Reflections

Primary Sources

Sunday, May 21, 2023

Seneca, Moral Letters 50.2


You know Harpasté, my wife's female clown; she has remained in my house, a burden incurred from a legacy. I particularly disapprove of these freaks; whenever I wish to enjoy the quips of a clown, I am not compelled to hunt far; I can laugh at myself. 
 
Now this clown suddenly became blind. The story sounds incredible, but I assure you that it is true: she does not know that she is blind. She keeps asking her attendant to change her quarters; she says that her apartments are too dark. 
 
You can see clearly that that which makes us smile in the case of Harpasté happens to all the rest of us; nobody understands that he is himself greedy, or that he is covetous. 
 
Yet the blind ask for a guide, while we wander without one, saying: "I am not self-seeking; but one cannot live at Rome in any other way. I am not extravagant, but mere living in the city demands a great outlay. It is not my fault that I have a choleric disposition, or that I have not settled down to any definite scheme of life; it is due to my youth." 
 
Why do we deceive ourselves? The evil that afflicts us is not external, it is within us, situated in our very vitals; for that reason we attain soundness with all the more difficulty, because we do not know that we are diseased. 

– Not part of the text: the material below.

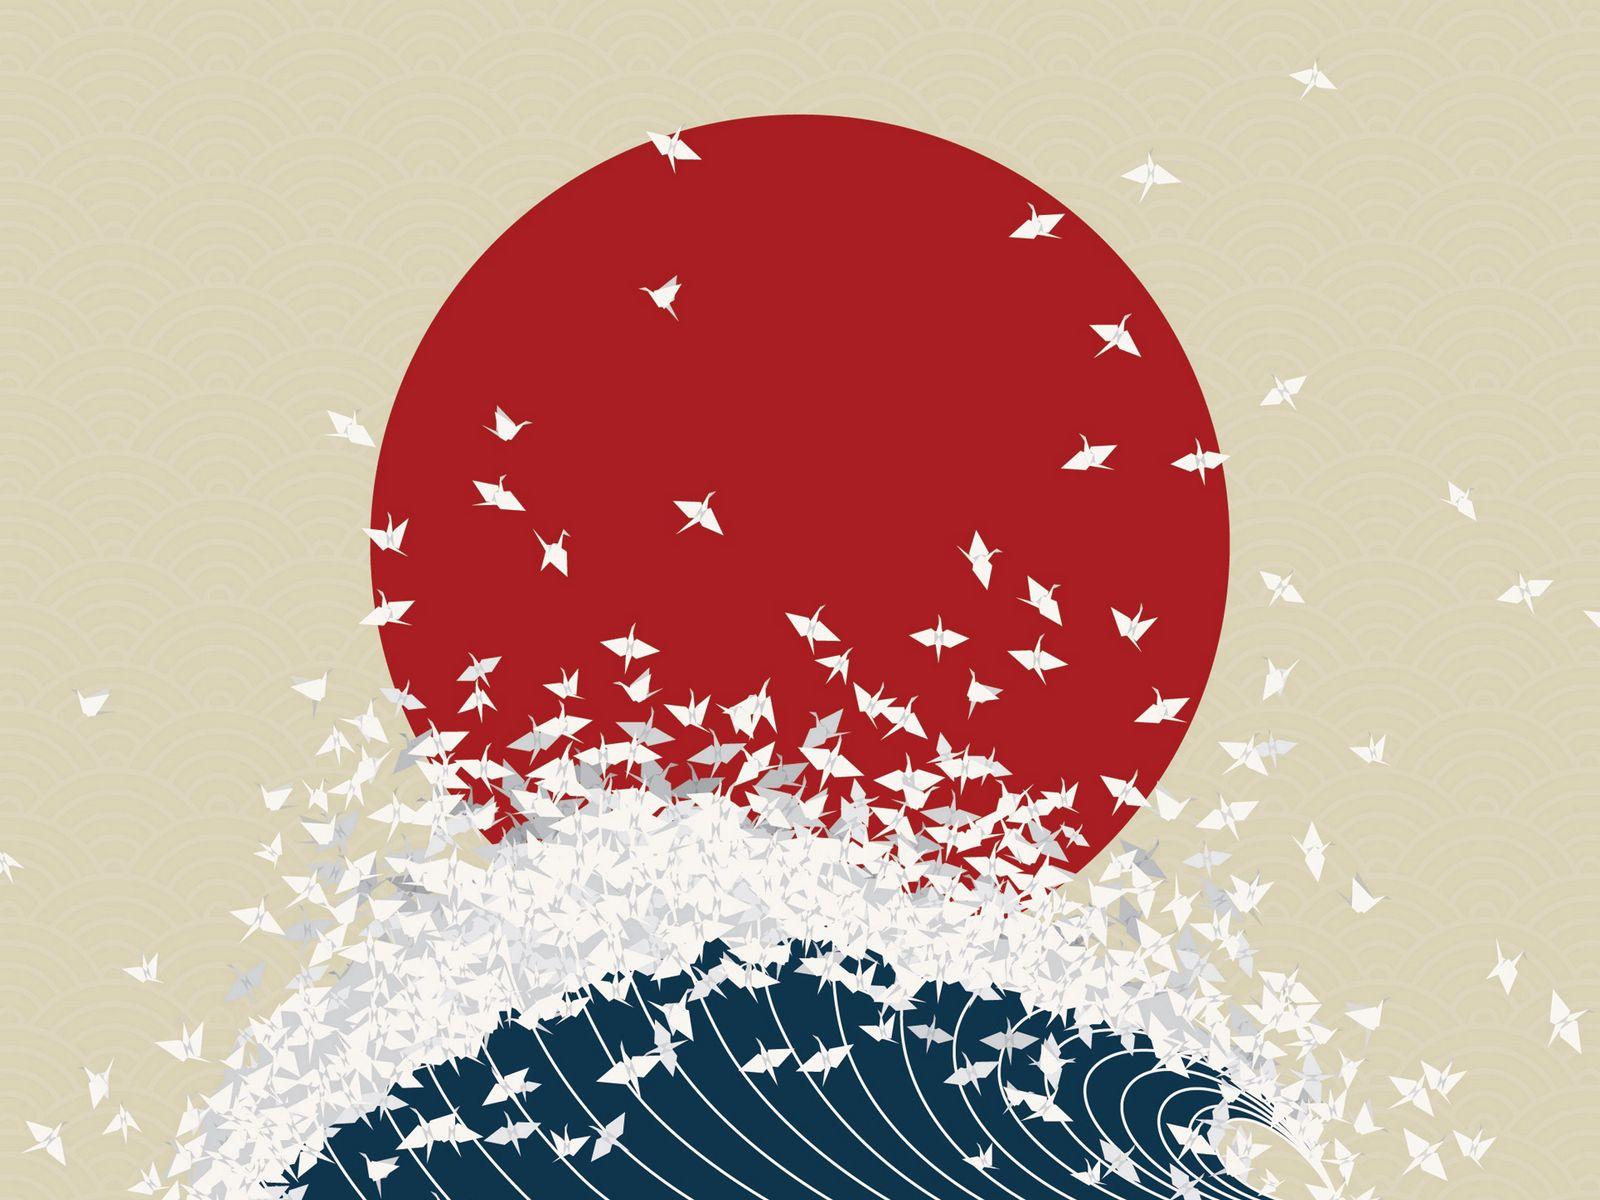 1600x1200 Wallpaper minimalism, origami, japan, rising sun, wave

—from Seneca, Moral Letters 50 
 
I’m afraid I find any sort of clown, mime, or jester to be unnerving instead of amusing, and so I can’t imagine the discomfort of having one live in my home. Who says the rich have it easier? Even the prospect of a maid or a butler disturbs me, for what becomes of the man who has others doing for him what he is meant to do for himself? 
 
Like Seneca, I am already ridiculous enough on my own, and I do not require anyone to play the fool for my entertainment. Yet I should not let myself grow smug, because I know how easy it is for me to fall into delusion. 
 
As for blindness, I must finally admit how these eyes that were once so sharp are now going cloudy. My wife giggles when I can’t read the fine print, and the dreaded glasses are surely around the corner. If I have difficulty in accepting that I can’t see, in what more serious ways might I also be in denial? 
 
It’s bad enough to lie to another, but lying to oneself is a far deeper form of rot. As much as I insist on how I am trying to be a good man, that isn’t quite the same thing as actually being a good man, and so I am prone to continue making excuses for craving the basest glory and gratification. 
 
The words Seneca uses to describe such alibis ring as true today as they did back then, for the highs and lows of our human nature haven’t really changed. We will say that living in the big city requires following the big city rules, or that our careers allow us no option but to surround ourselves with decadence, or that our shallow interests and ill-tempered personalities are just a result of living in a hectic world. 
 
Hard experience has taught me to be suspicious of any man who claims he “didn’t have a choice.” Don’t trust him, for he doesn’t even trust his own convictions. There is always a choice, however imposing the circumstances.